Exercise requirements: All of the entries need to be repeated exactly. Leave nothing out.

== Data section ==

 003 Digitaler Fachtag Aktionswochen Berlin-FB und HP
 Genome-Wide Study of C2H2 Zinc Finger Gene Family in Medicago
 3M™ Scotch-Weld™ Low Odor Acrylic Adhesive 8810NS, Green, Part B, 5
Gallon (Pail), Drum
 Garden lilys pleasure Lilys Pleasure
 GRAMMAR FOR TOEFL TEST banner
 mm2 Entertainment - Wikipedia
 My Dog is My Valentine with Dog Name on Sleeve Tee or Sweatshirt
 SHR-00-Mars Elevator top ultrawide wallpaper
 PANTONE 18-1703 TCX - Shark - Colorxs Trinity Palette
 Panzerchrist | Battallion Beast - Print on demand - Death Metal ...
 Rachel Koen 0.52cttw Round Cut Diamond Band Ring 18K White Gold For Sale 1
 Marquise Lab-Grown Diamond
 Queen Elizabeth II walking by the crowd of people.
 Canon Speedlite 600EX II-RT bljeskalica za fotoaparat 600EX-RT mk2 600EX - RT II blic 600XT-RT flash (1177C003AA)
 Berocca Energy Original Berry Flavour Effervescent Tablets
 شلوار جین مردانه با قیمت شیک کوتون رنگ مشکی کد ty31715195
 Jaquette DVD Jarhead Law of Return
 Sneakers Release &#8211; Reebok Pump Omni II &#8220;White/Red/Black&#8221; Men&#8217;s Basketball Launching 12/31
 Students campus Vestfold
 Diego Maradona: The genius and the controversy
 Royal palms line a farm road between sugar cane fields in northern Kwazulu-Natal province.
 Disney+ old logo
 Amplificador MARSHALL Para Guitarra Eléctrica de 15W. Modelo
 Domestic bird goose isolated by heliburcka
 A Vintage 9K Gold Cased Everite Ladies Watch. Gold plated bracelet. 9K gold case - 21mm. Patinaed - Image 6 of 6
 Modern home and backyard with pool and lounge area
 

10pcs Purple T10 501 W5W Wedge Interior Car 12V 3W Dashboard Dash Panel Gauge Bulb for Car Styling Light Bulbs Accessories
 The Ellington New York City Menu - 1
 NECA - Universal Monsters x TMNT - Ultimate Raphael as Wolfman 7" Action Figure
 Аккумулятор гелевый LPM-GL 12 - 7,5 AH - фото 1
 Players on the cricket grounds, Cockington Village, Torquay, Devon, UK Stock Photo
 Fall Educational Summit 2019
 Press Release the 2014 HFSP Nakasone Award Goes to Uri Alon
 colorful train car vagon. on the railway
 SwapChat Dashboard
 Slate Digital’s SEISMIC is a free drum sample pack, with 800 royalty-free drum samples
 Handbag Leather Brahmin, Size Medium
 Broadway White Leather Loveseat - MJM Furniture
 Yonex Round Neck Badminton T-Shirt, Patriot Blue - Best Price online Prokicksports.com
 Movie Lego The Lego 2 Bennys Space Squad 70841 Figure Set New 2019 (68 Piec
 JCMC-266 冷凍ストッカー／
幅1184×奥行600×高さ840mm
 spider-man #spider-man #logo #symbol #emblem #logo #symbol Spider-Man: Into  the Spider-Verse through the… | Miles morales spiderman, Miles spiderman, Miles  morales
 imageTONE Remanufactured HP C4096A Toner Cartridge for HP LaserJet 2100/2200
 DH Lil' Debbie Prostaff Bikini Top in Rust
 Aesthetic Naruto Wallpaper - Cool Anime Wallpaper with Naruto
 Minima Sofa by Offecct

===

Task output:
 003 Digitaler Fachtag Aktionswochen Berlin-FB und HP
 Genome-Wide Study of C2H2 Zinc Finger Gene Family in Medicago
 3M™ Scotch-Weld™ Low Odor Acrylic Adhesive 8810NS, Green, Part B, 5
Gallon (Pail), Drum
 Garden lilys pleasure Lilys Pleasure
 GRAMMAR FOR TOEFL TEST banner
 mm2 Entertainment - Wikipedia
 My Dog is My Valentine with Dog Name on Sleeve Tee or Sweatshirt
 SHR-00-Mars Elevator top ultrawide wallpaper
 PANTONE 18-1703 TCX - Shark - Colorxs Trinity Palette
 Panzerchrist | Battallion Beast - Print on demand - Death Metal ...
 Rachel Koen 0.52cttw Round Cut Diamond Band Ring 18K White Gold For Sale 1
 Marquise Lab-Grown Diamond
 Queen Elizabeth II walking by the crowd of people.
 Canon Speedlite 600EX II-RT bljeskalica za fotoaparat 600EX-RT mk2 600EX - RT II blic 600XT-RT flash (1177C003AA)
 Berocca Energy Original Berry Flavour Effervescent Tablets
 شلوار جین مردانه با قیمت شیک کوتون رنگ مشکی کد ty31715195
 Jaquette DVD Jarhead Law of Return
 Sneakers Release &#8211; Reebok Pump Omni II &#8220;White/Red/Black&#8221; Men&#8217;s Basketball Launching 12/31
 Students campus Vestfold
 Diego Maradona: The genius and the controversy
 Royal palms line a farm road between sugar cane fields in northern Kwazulu-Natal province.
 Disney+ old logo
 Amplificador MARSHALL Para Guitarra Eléctrica de 15W. Modelo
 Domestic bird goose isolated by heliburcka
 A Vintage 9K Gold Cased Everite Ladies Watch. Gold plated bracelet. 9K gold case - 21mm. Patinaed - Image 6 of 6
 Modern home and backyard with pool and lounge area
 

10pcs Purple T10 501 W5W Wedge Interior Car 12V 3W Dashboard Dash Panel Gauge Bulb for Car Styling Light Bulbs Accessories
 The Ellington New York City Menu - 1
 NECA - Universal Monsters x TMNT - Ultimate Raphael as Wolfman 7" Action Figure
 Аккумулятор гелевый LPM-GL 12 - 7,5 AH - фото 1
 Players on the cricket grounds, Cockington Village, Torquay, Devon, UK Stock Photo
 Fall Educational Summit 2019
 Press Release the 2014 HFSP Nakasone Award Goes to Uri Alon
 colorful train car vagon. on the railway
 SwapChat Dashboard
 Slate Digital’s SEISMIC is a free drum sample pack, with 800 royalty-free drum samples
 Handbag Leather Brahmin, Size Medium
 Broadway White Leather Loveseat - MJM Furniture
 Yonex Round Neck Badminton T-Shirt, Patriot Blue - Best Price online Prokicksports.com
 Movie Lego The Lego 2 Bennys Space Squad 70841 Figure Set New 2019 (68 Piec
 JCMC-266 冷凍ストッカー／
幅1184×奥行600×高さ840mm
 spider-man #spider-man #logo #symbol #emblem #logo #symbol Spider-Man: Into  the Spider-Verse through the… | Miles morales spiderman, Miles spiderman, Miles  morales
 imageTONE Remanufactured HP C4096A Toner Cartridge for HP LaserJet 2100/2200
 DH Lil' Debbie Prostaff Bikini Top in Rust
 Aesthetic Naruto Wallpaper - Cool Anime Wallpaper with Naruto
 Minima Sofa by Offecct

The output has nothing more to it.